COLLECTED DATA:
*-*-*

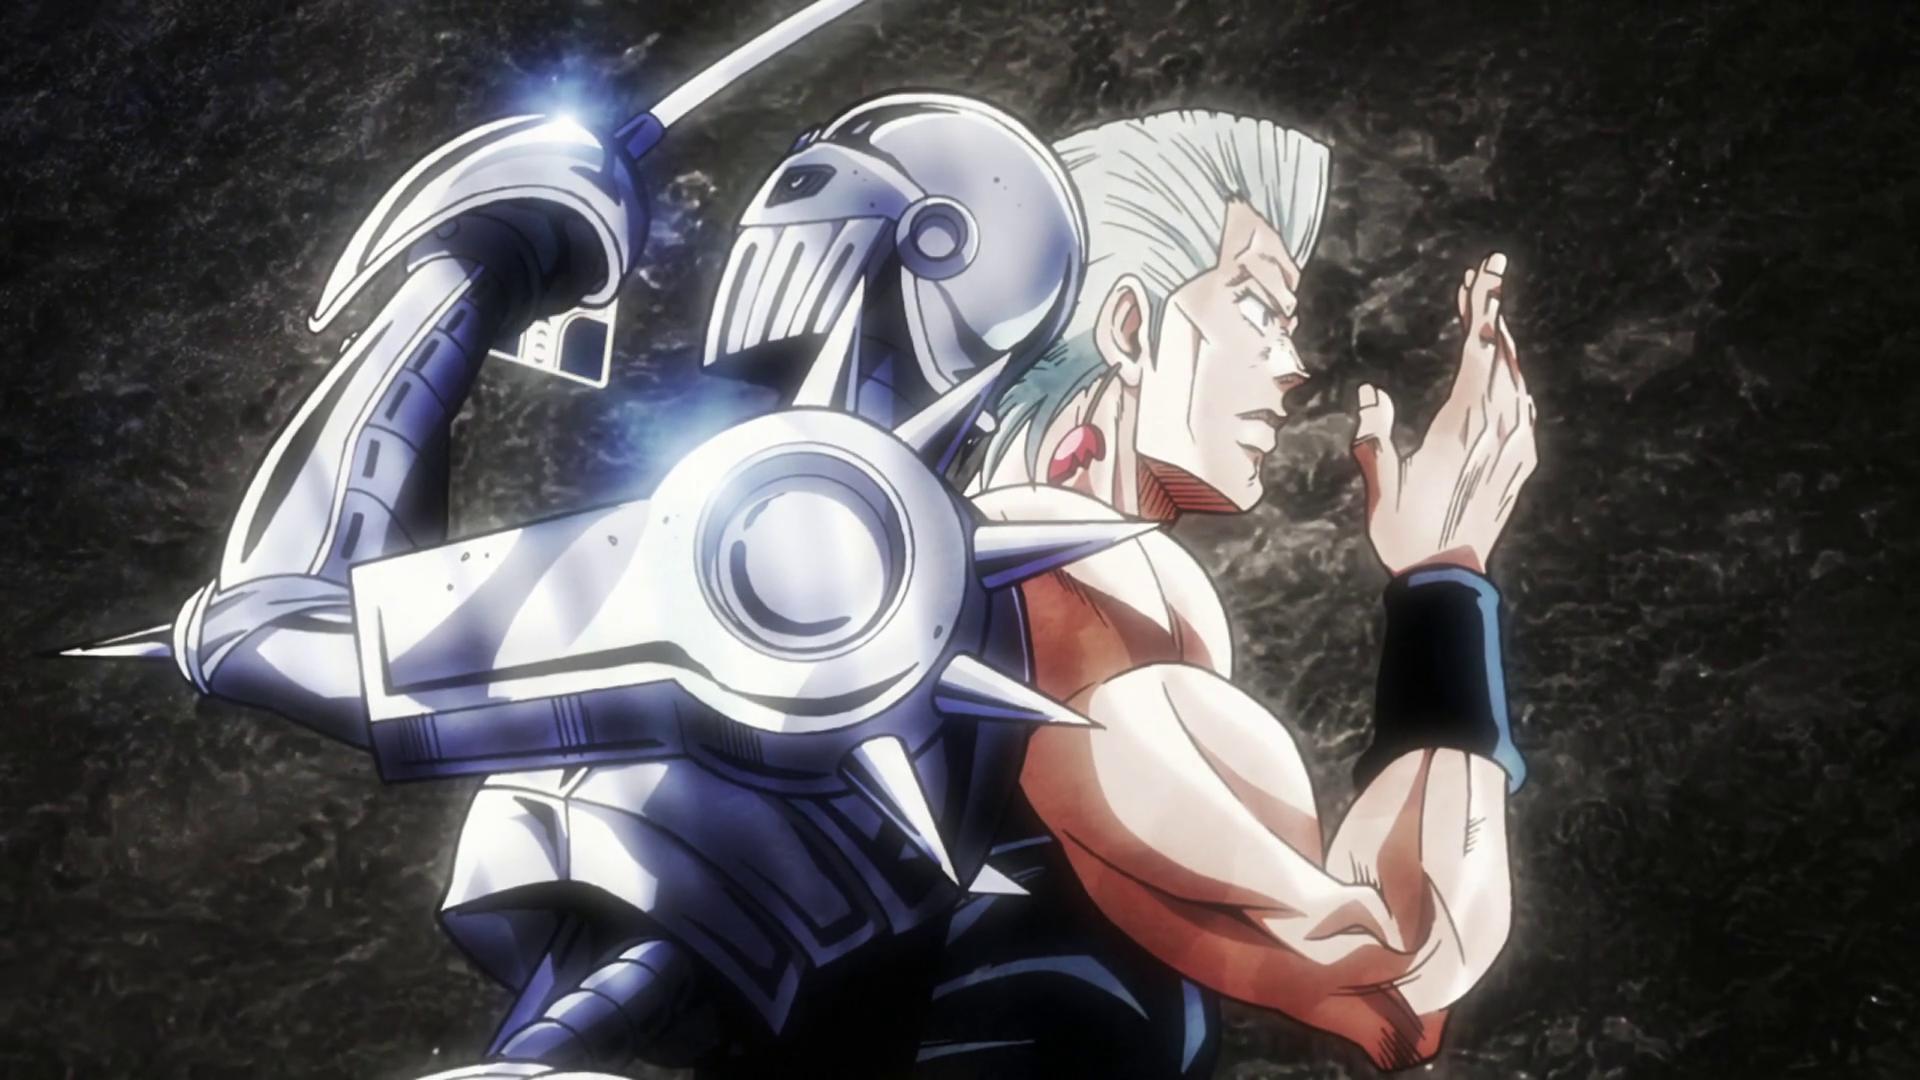 Wallpaper Anime Jojo S Bizarre Adventure Stardust Crusaders
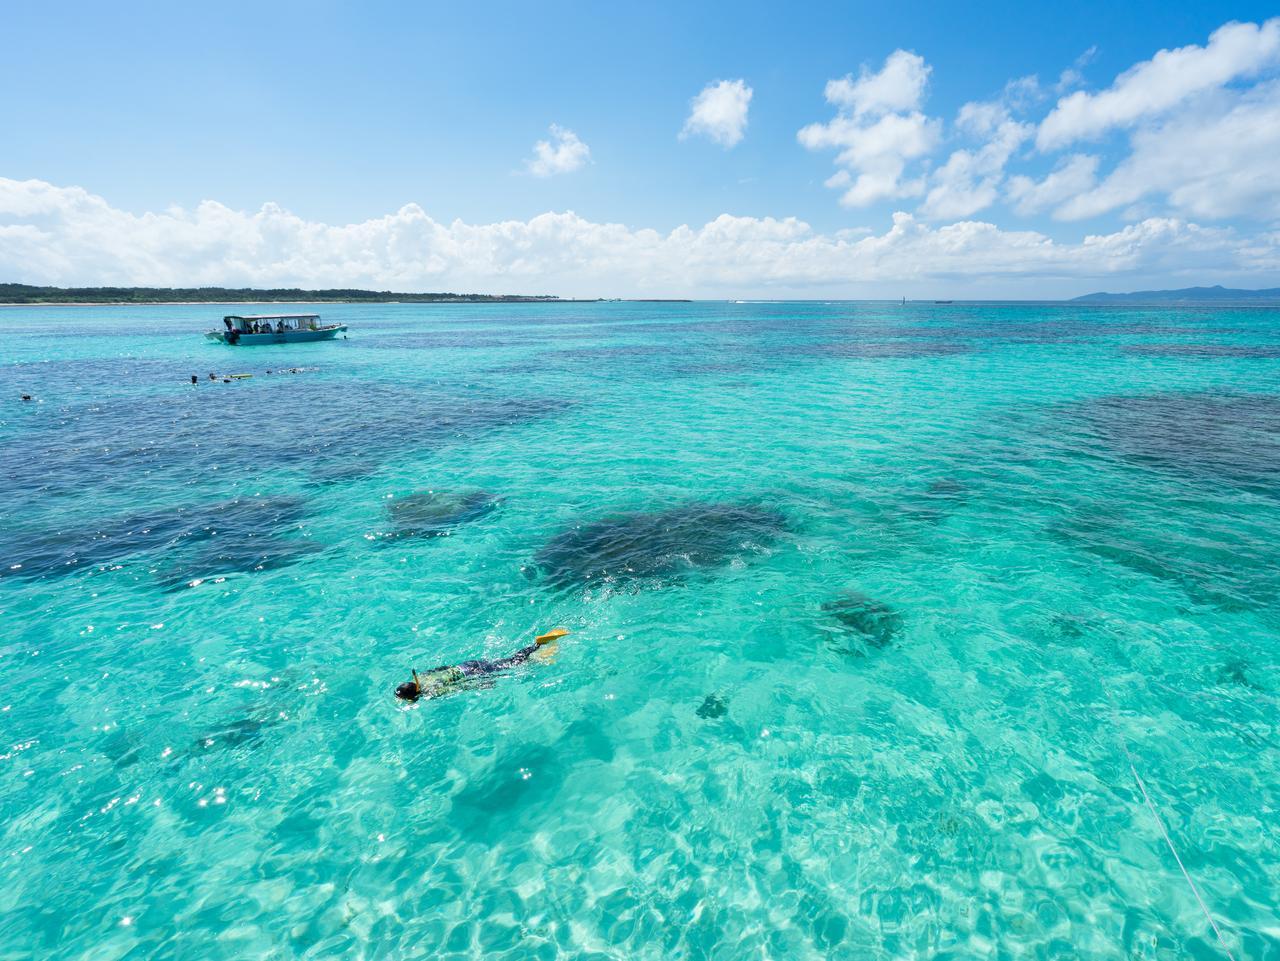 Idyllic beach in Okinawa, Japan
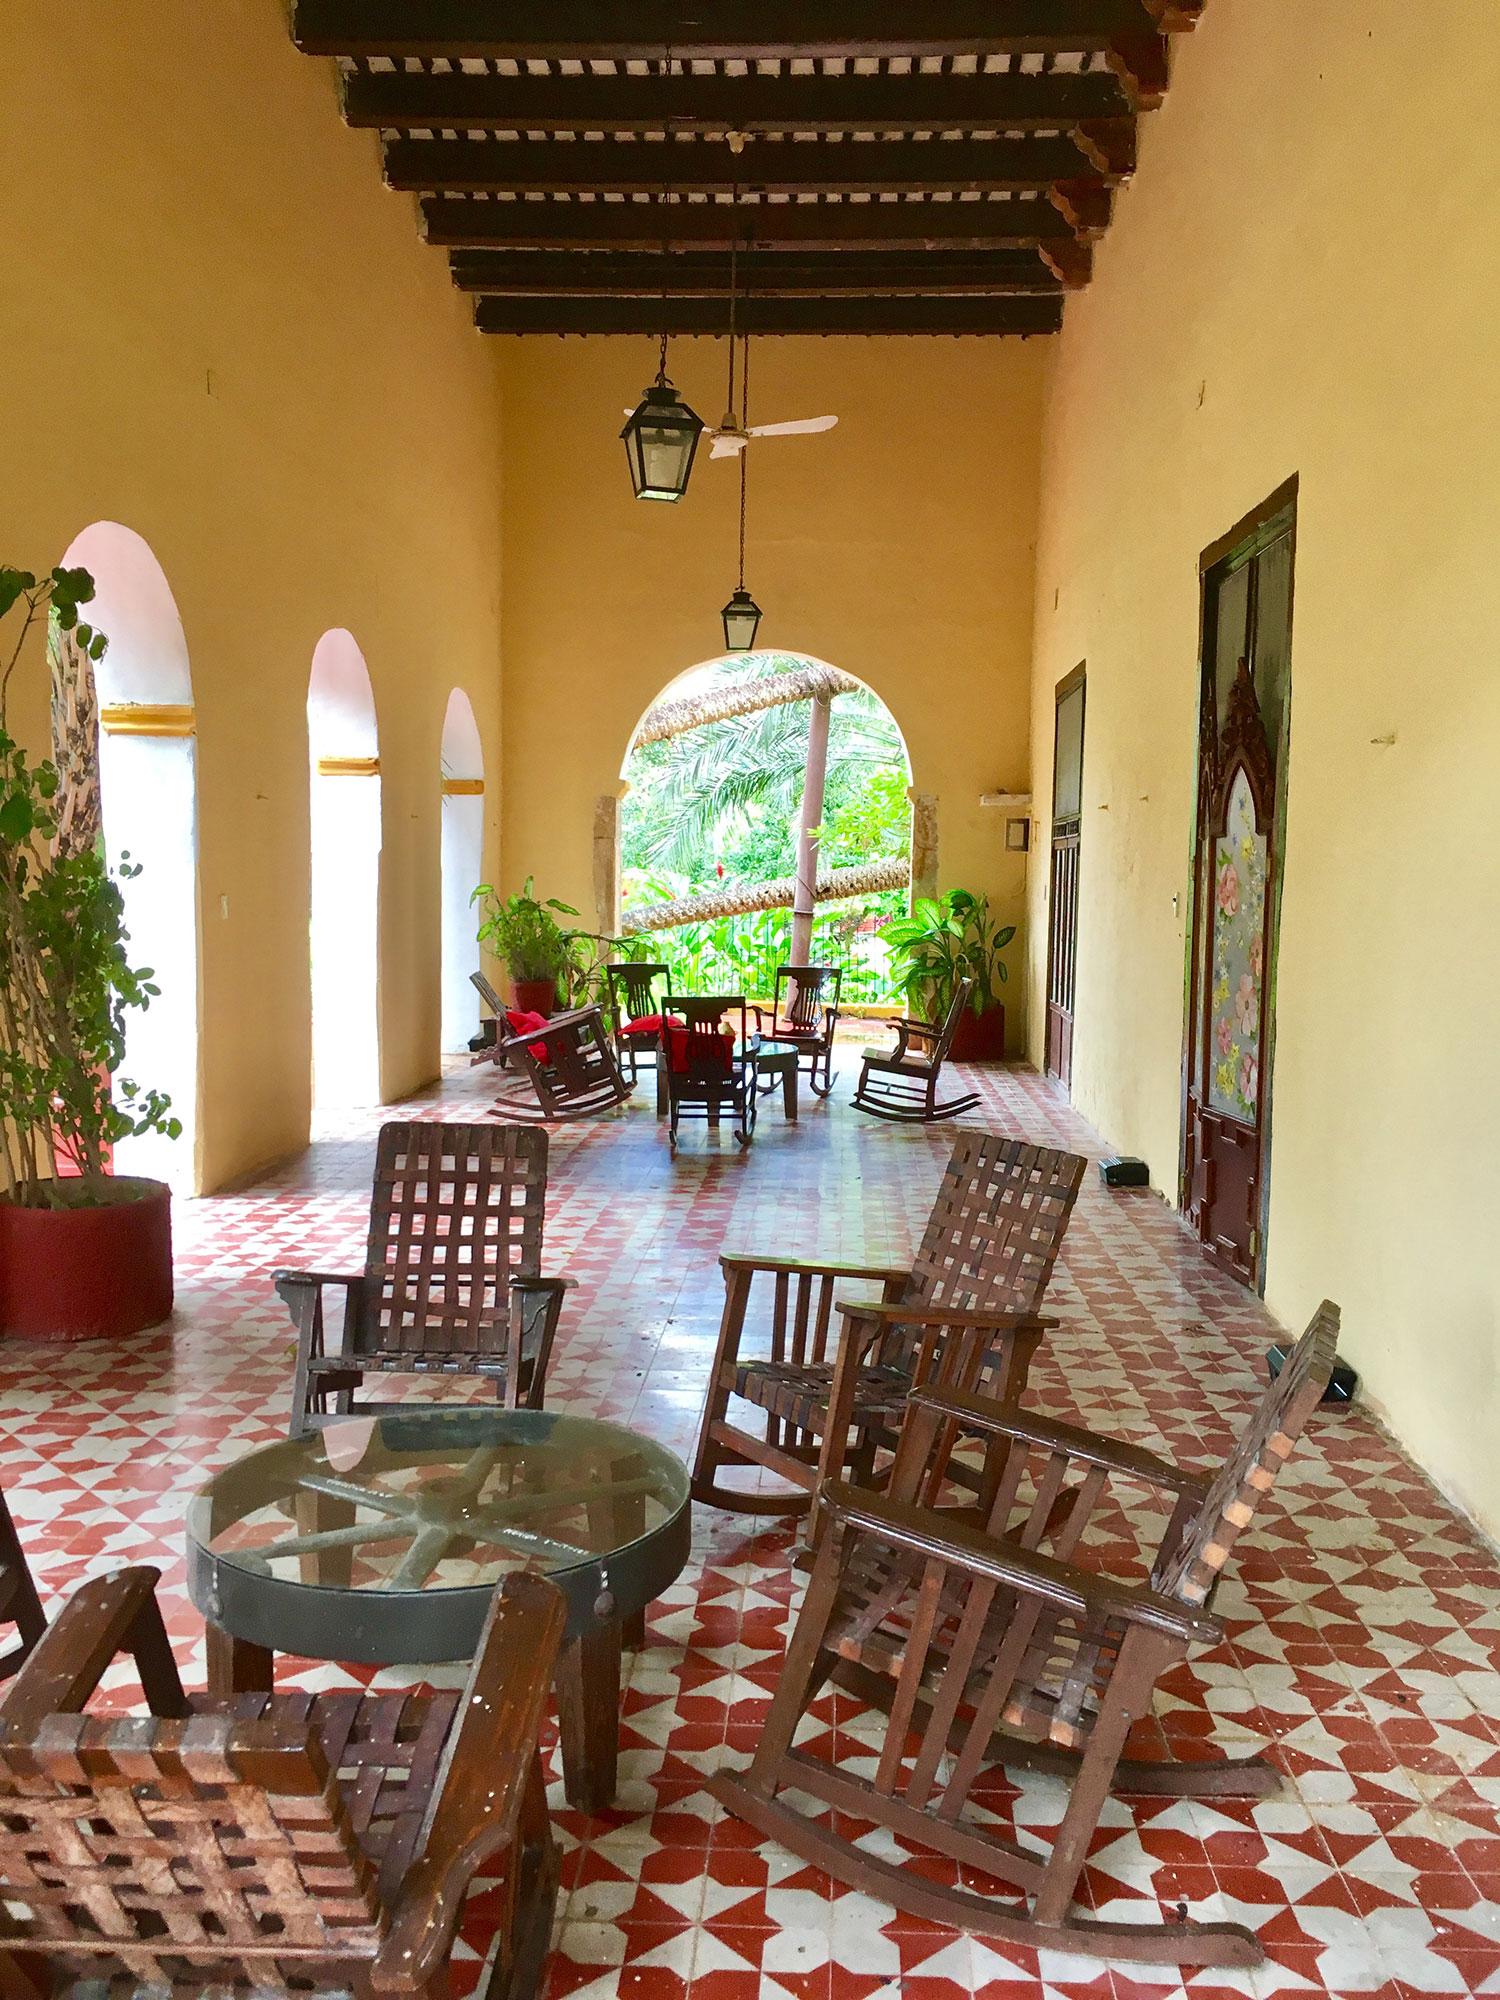 The veranda of the main house.
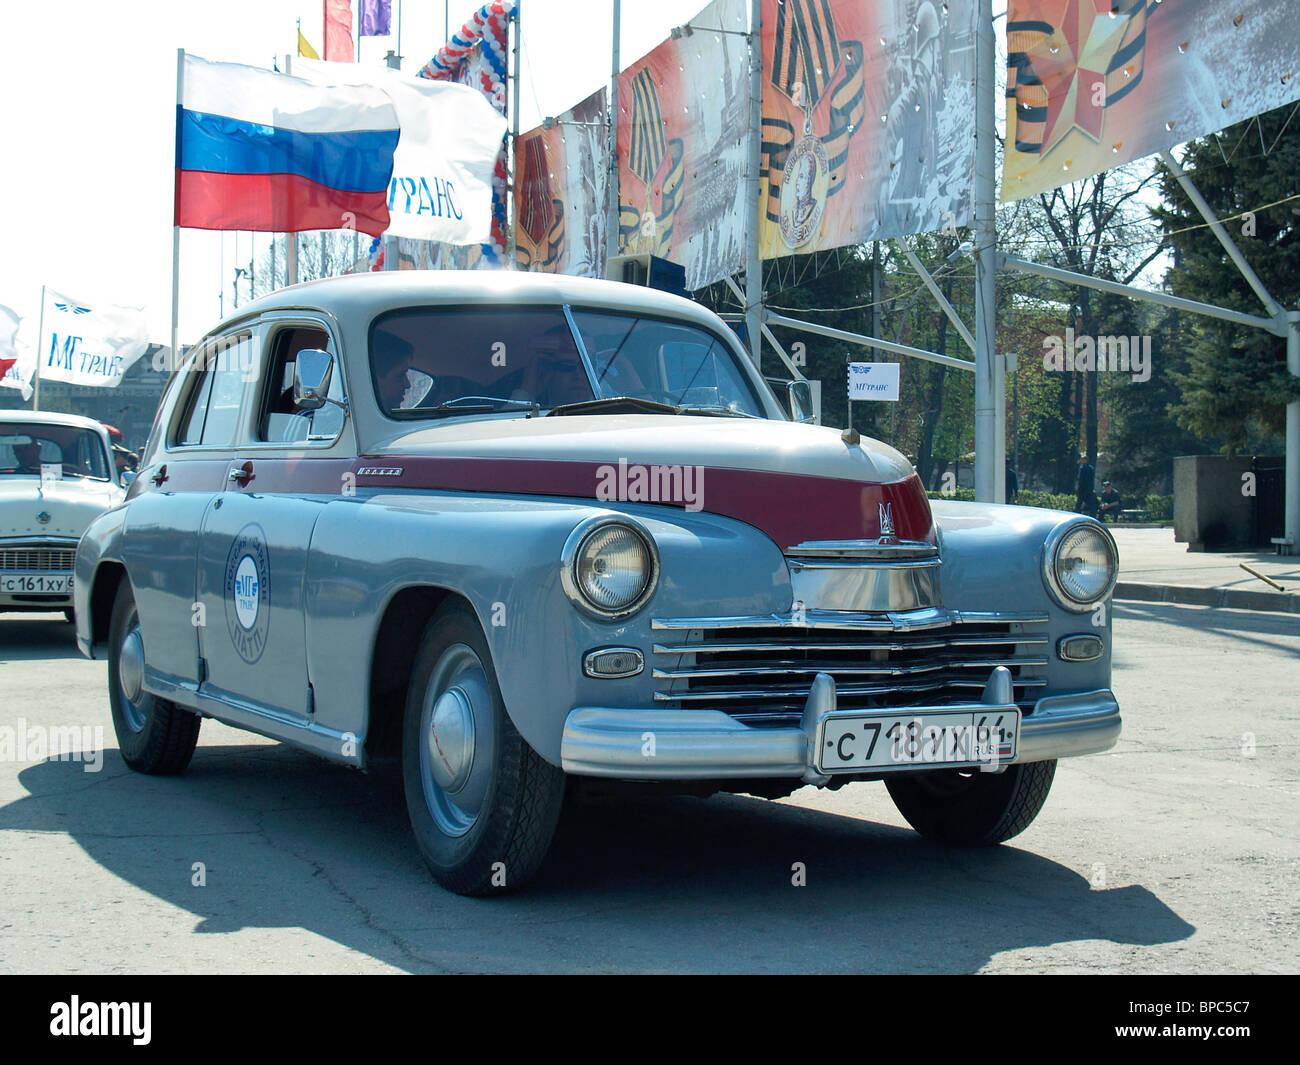 Vintage Automobiles Stock Photos & Vintage Automobiles Stock Images ...

*-*-*

TASK STATEMENT:
Please give the material above again in full, with no pictures in your version.

OUTPUT FOR THIS TASK:
 Wallpaper Anime Jojo S Bizarre Adventure Stardust Crusaders
 Idyllic beach in Okinawa, Japan
 The veranda of the main house.
 Vintage Automobiles Stock Photos & Vintage Automobiles Stock Images ...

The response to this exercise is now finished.